## WORK INSTRUCTIONS
Leave out every picture, then transcribe the rest of the listing exactly.

## SUPPLIED DATA
====
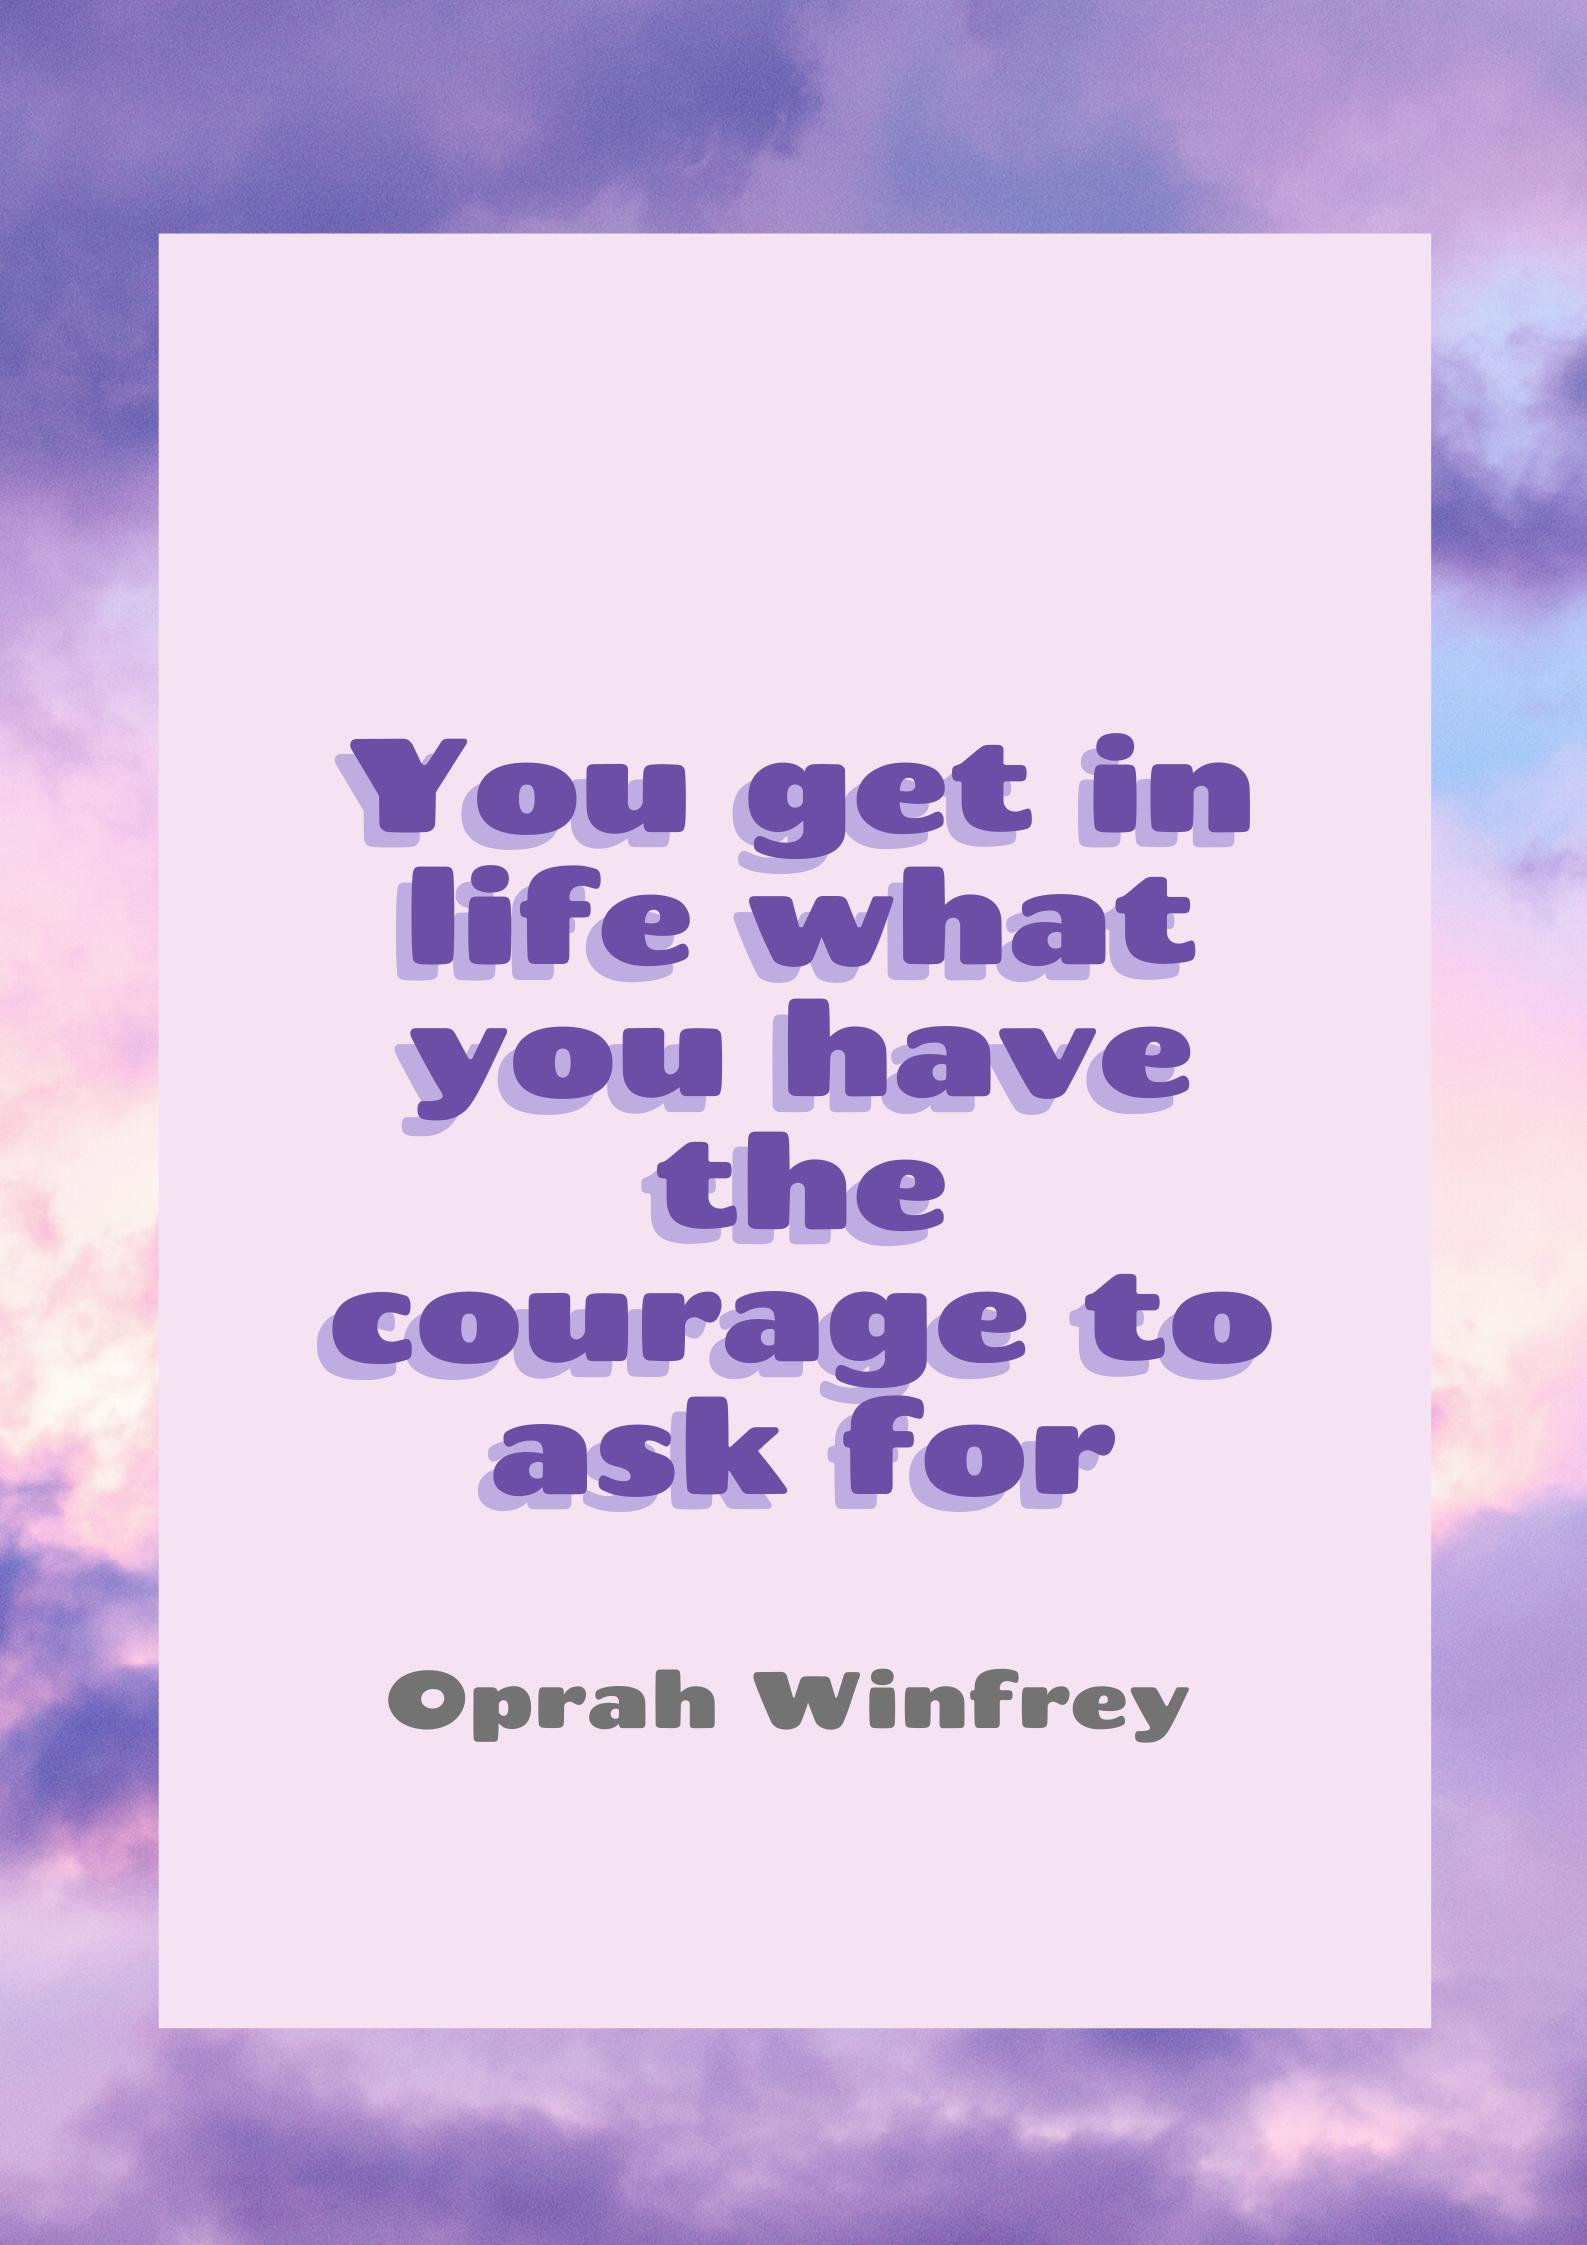 motivational quotes inspirational women oprah winfrey
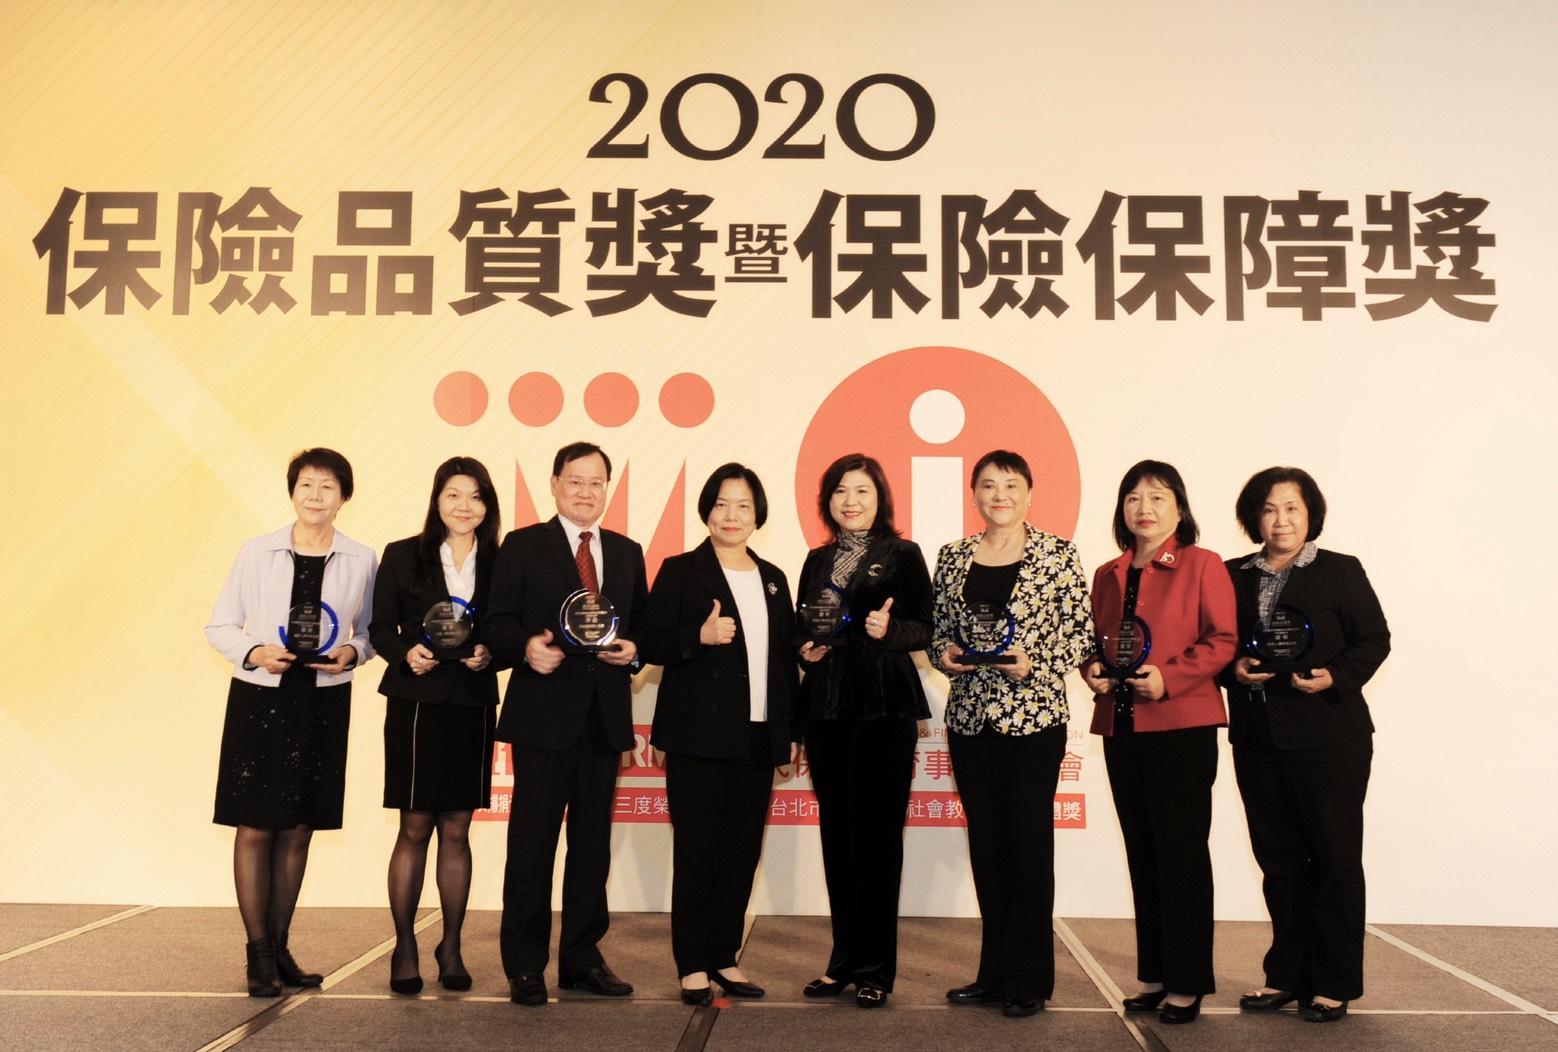 本公司榮獲【2020保險品質獎】四項優等殊榮
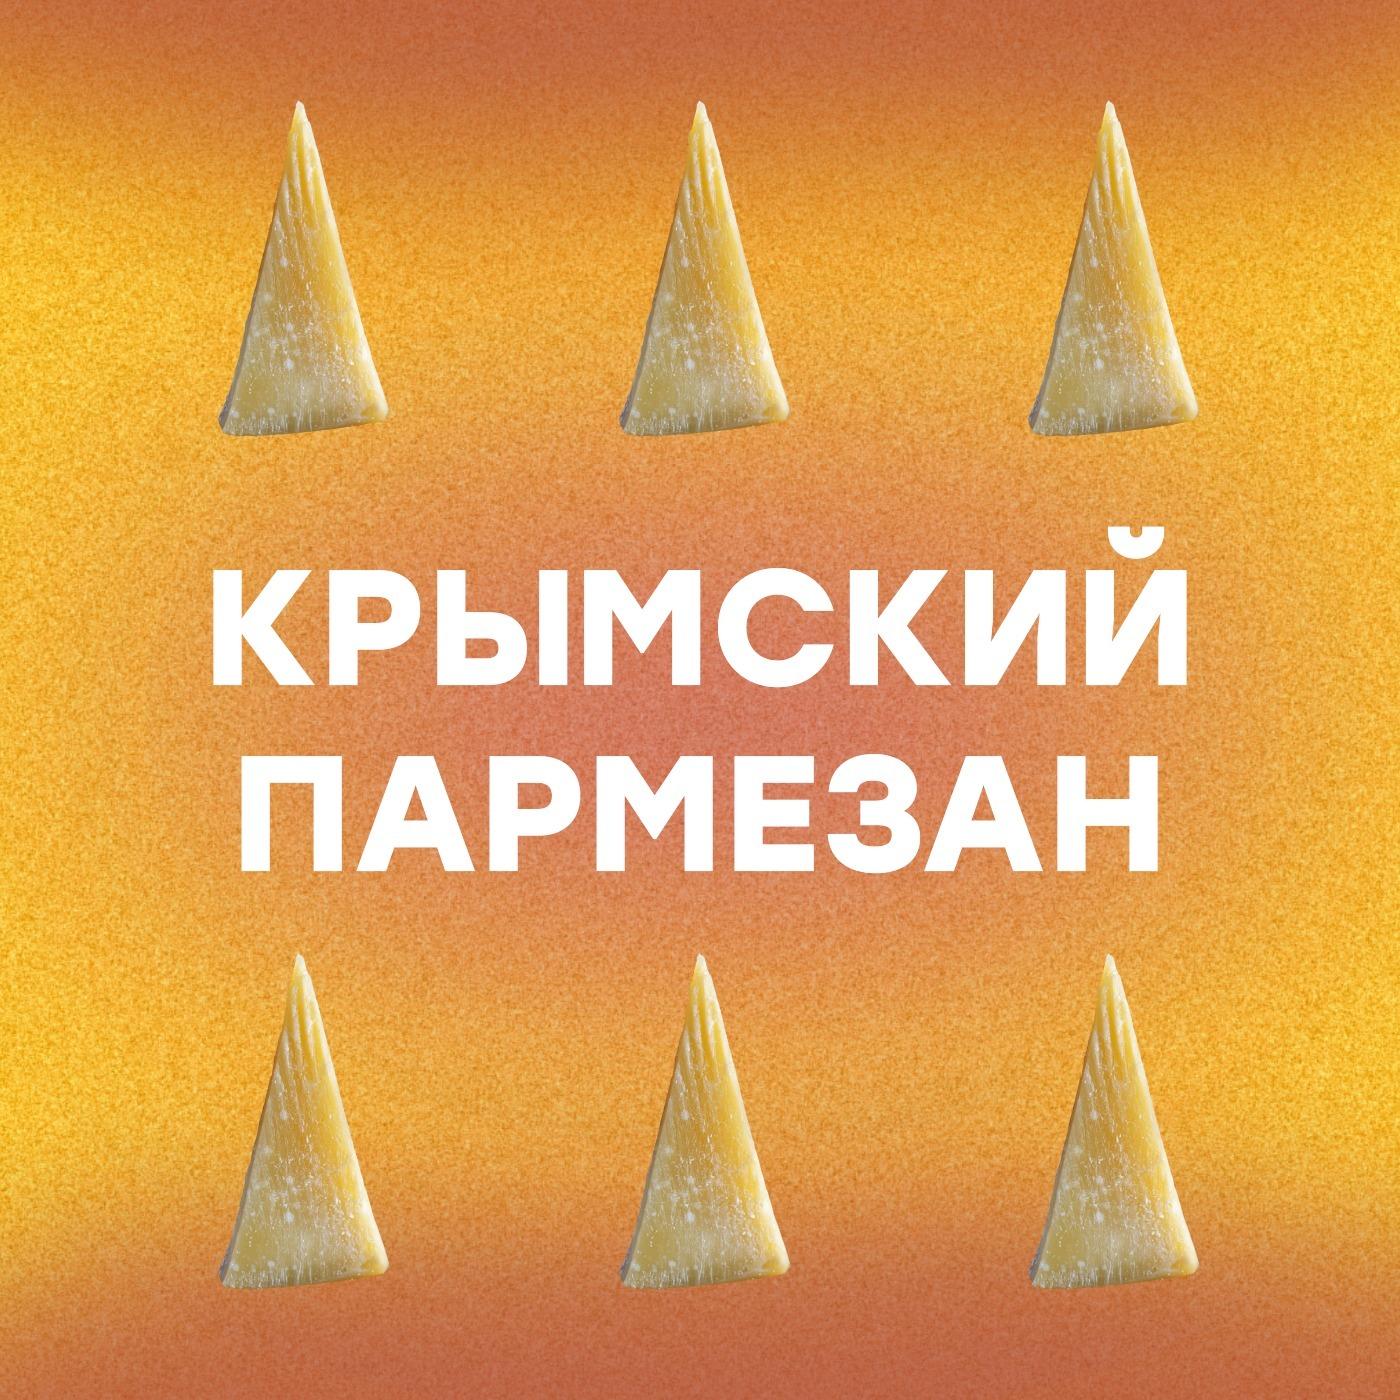 Следующая Олимпиада пройдет в Крыму | Крымский.Пармезан
====
## RESPONSE FOR THIS EXERCISE
 motivational quotes inspirational women oprah winfrey
 本公司榮獲【2020保險品質獎】四項優等殊榮
 Следующая Олимпиада пройдет в Крыму | Крымский.Пармезан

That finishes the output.